The Secret is bullshit, true that. But you're wrong about why it's bullshit. If reality is "energy," then magic can't work, because the world is material and deterministic. If magic works, it works because our minds are primary.

The Secret is bullshit because it doesn't teach how to organize and discipline the mind in order to change reality. It just suggests that general and vague good wishes will do it.

Ananael Qaa said...

If reality is "energy," then magic can't work, because the world is material and deterministic.

That doesn't follow, though. Quantum physics is all about energy states and still is not a deterministic model. The energy that makes up the universe is governed by probability functions, and magick allows us to use thought as a tool to manipulate those probability functions up to a point. At least, that's been my working hypothesis for quite a few years and so far it fits all of my experimental data.

If mind really is "primary," shouldn't a skillful enough magician be able to materialize objects, walk through walls, or throw Dungeons and Dragons style fireballs? I've met plenty of practitioners in my life, some of them very good, and none of them have ever been able to do such things. Or is that not what you meant?

The Secret is bullshit because it doesn't teach how to organize and discipline the mind in order to change reality.

On this, though, I agree 100%. Without the ability to focus the will on a single thought the mind really can't be used as an effective tool to influence material events.

Optimystc said...

It seems that this comes down to a difference between the element of Fire and that of Air.

Barbara Ehrenreich has a new book out about this phenomenon. Its called "Bright Sided" and talks about how and why Americans have adopted the philosophy of relentless positivity as a reaction against Calvinism. She is on tour right now lecturing about this very phenomenon.

Here's one of her interviews:
http://www.youtube.com/watch?v=0R4BsbklchU

Robert-Joseph said...

The energy that makes up the universe is governed by probability functions, and magick allows us to use thought as a tool to manipulate those probability functions up to a point. At least, that's been my working hypothesis for quite a few years and so far it fits all of my experimental data.

Energy and matter are intimately connected, and both are relatively very complex. As such they are native to lower planes. Once you get into higher planes both energy and matter cease to be, but thought holds out quite a bit longer.

That's why the HGA is necessary for higher workings. The physical body is composed mostly of matter, and the astral body is composed mostly of energy, and neither one can exist beyond the first triad, necessitating the HGA as an alternate body.


If mind really is "primary," shouldn't a skillful enough magician be able to materialize objects, walk through walls, or throw Dungeons and Dragons style fireballs? I've met plenty of practitioners in my life, some of them very good, and none of them have ever been able to do such things. Or is that not what you meant?

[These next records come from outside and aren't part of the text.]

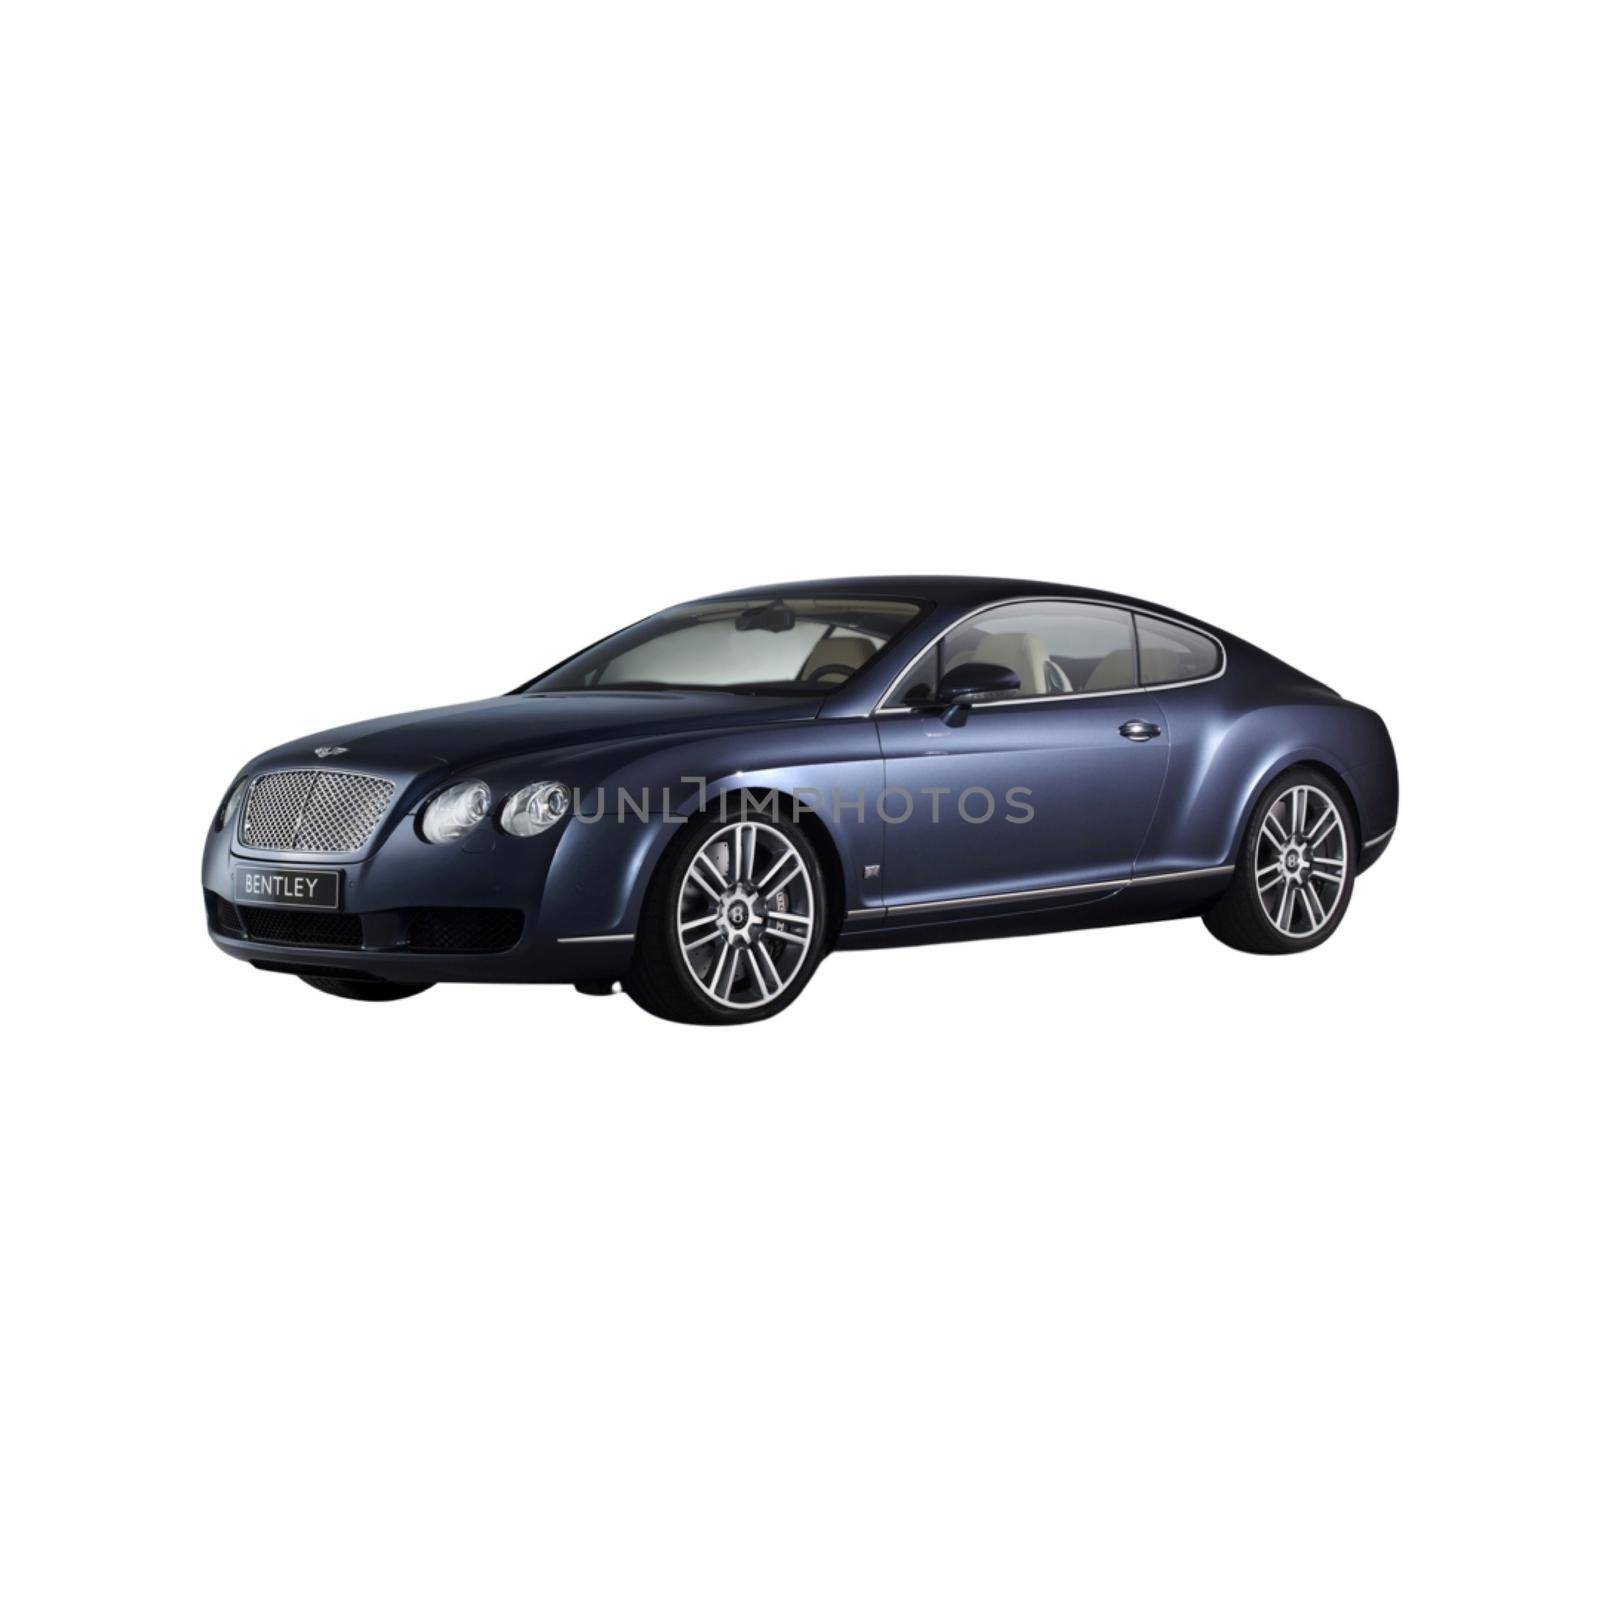 Isolated Picture of a Bentley Continental GT by FlyingDoctor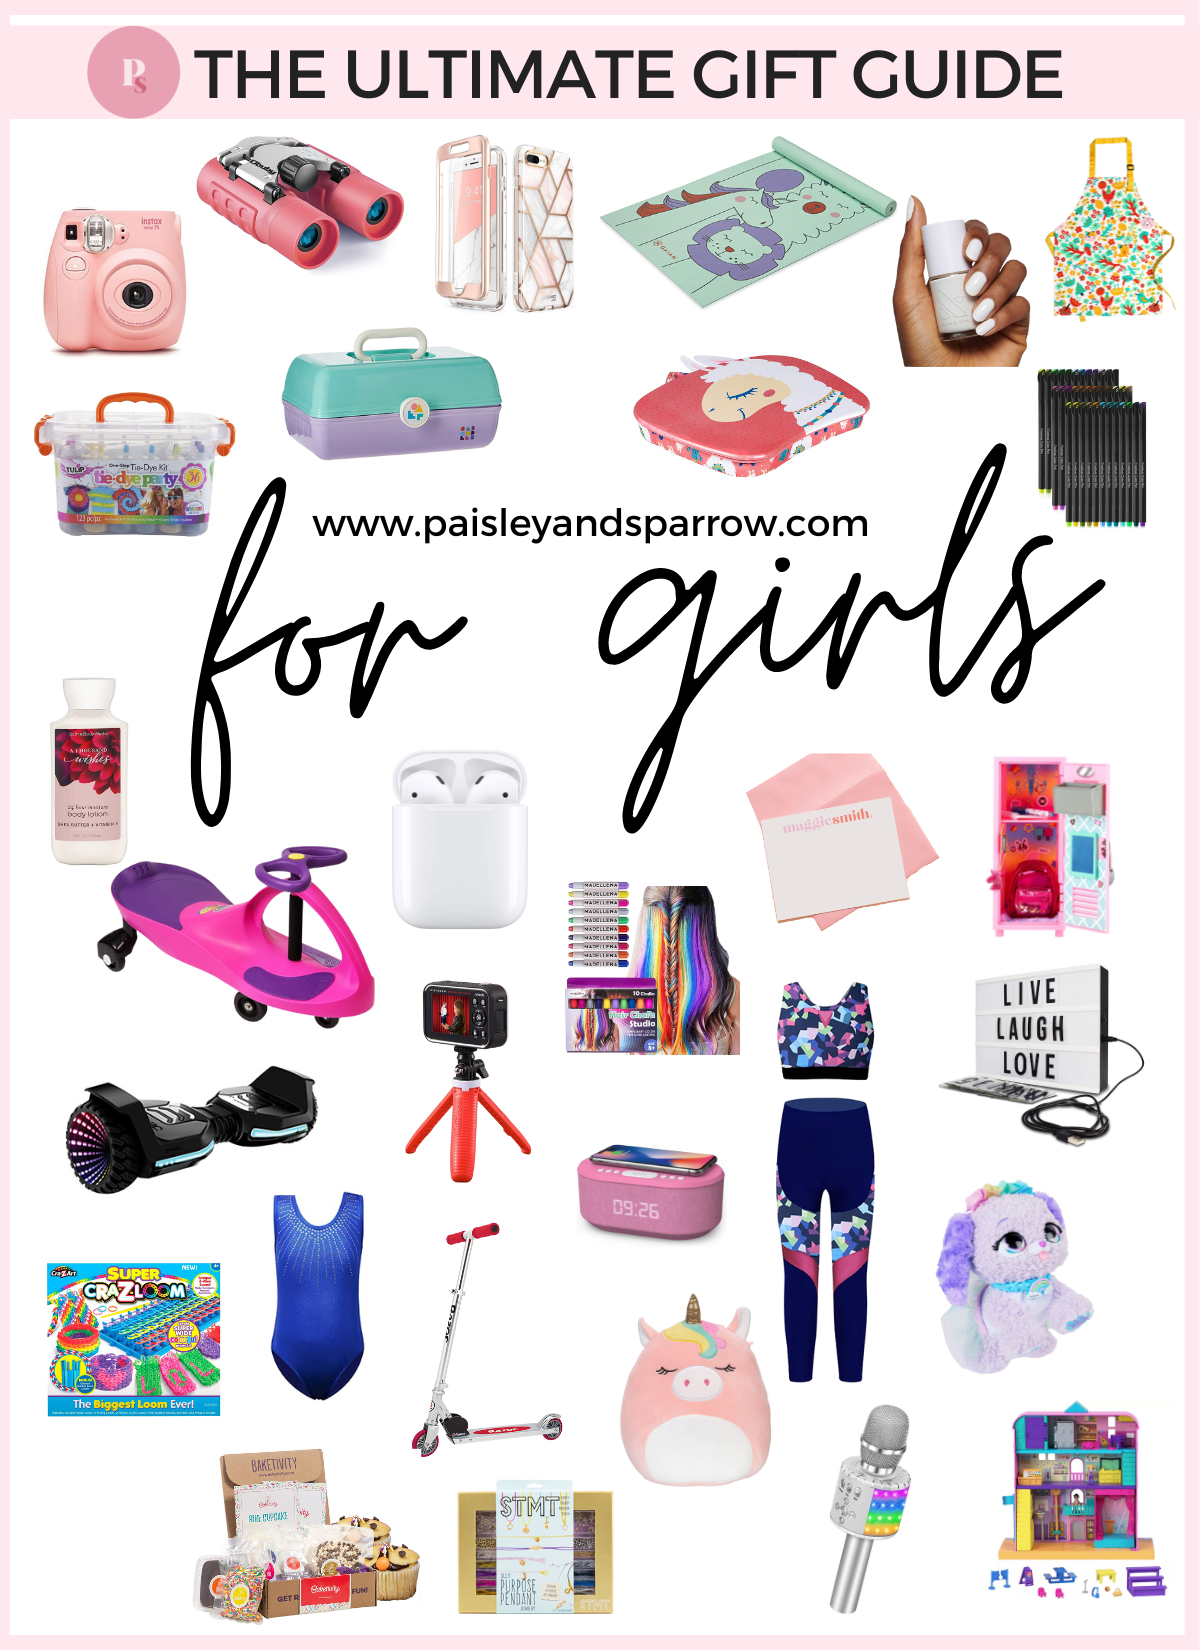 Gift Guide for 10-12 Year Old Tween Girls - Stephanie Hanna Blog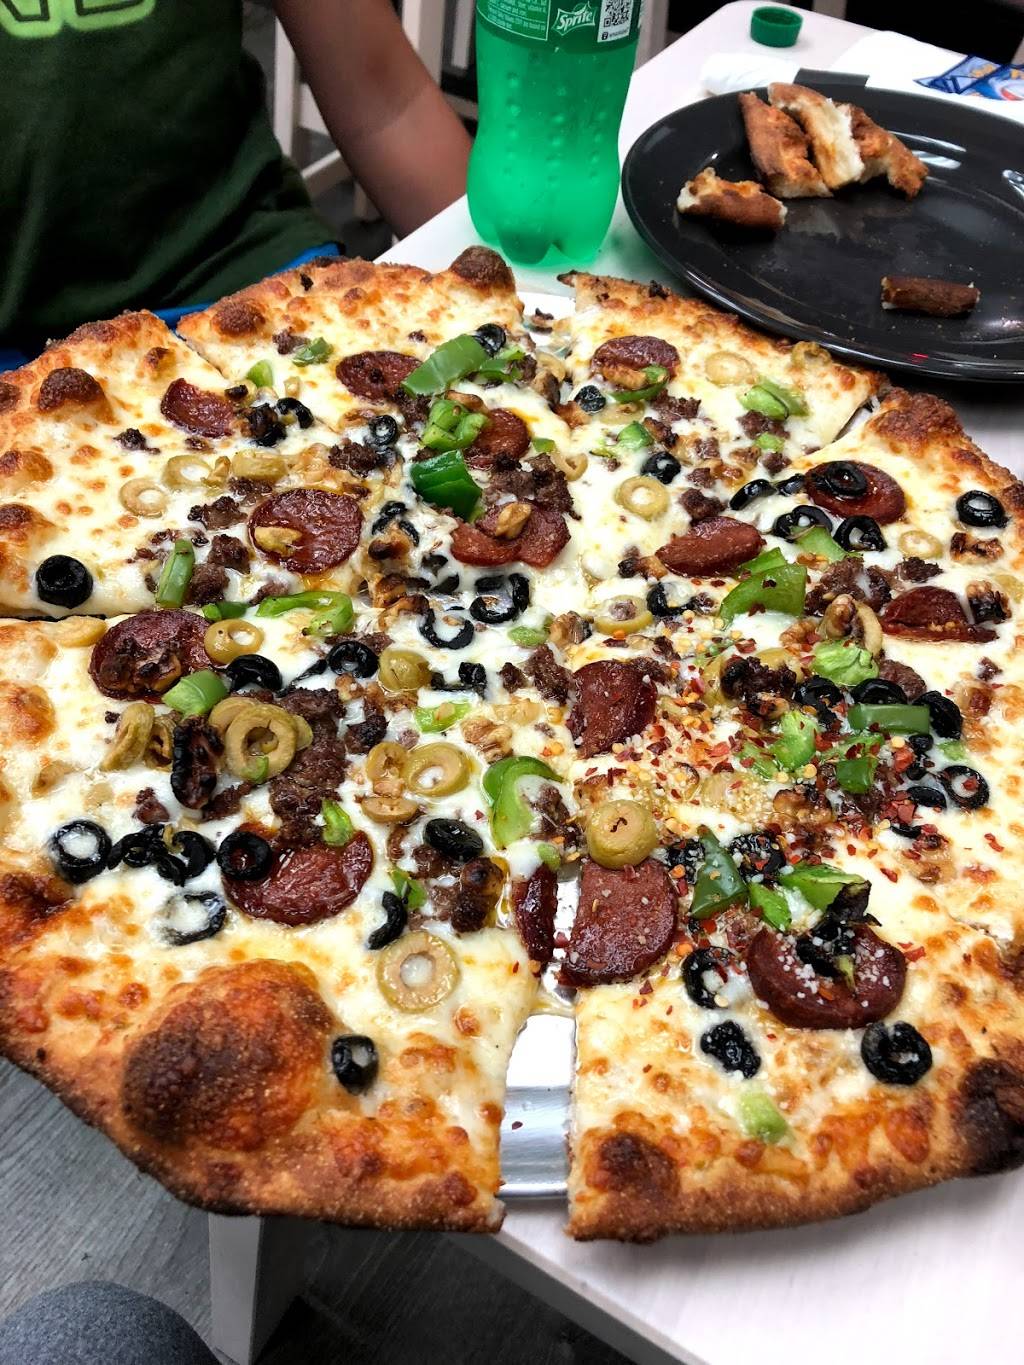 Pizza Tiempo | restaurant | 8021 Wisconsin Ave, Bethesda, MD 20814, USA | 3019130606 OR +1 301-913-0606

I'm working on it dude. I've actually gotten partway through the wall before I lose focus and think 'oh my god, I'm walking into it'. Also managed to light candles on fire with my mind, but that probably had a lot to do with using fire elementals in all of my spellwork as of late.

For years now certain people have been running around yelling 'Magick doesn't work like that, you can't just fly around on broomsticks and shoot fireballs from your hands' and getting everyone to believe this. And now no one's flying on broomsticks and running around bringing flaming death to their enemies. I wonder why that is.

Ananael Qaa said...

I've actually gotten partway through the wall before I lose focus and think 'oh my god, I'm walking into it'.

What happens then? Does part of you wind up stuck in the wall?

Also managed to light candles on fire with my mind,

I'd love to have a reliable technique for that if you're willing to share.

And now no one's flying on broomsticks and running around bringing flaming death to their enemies.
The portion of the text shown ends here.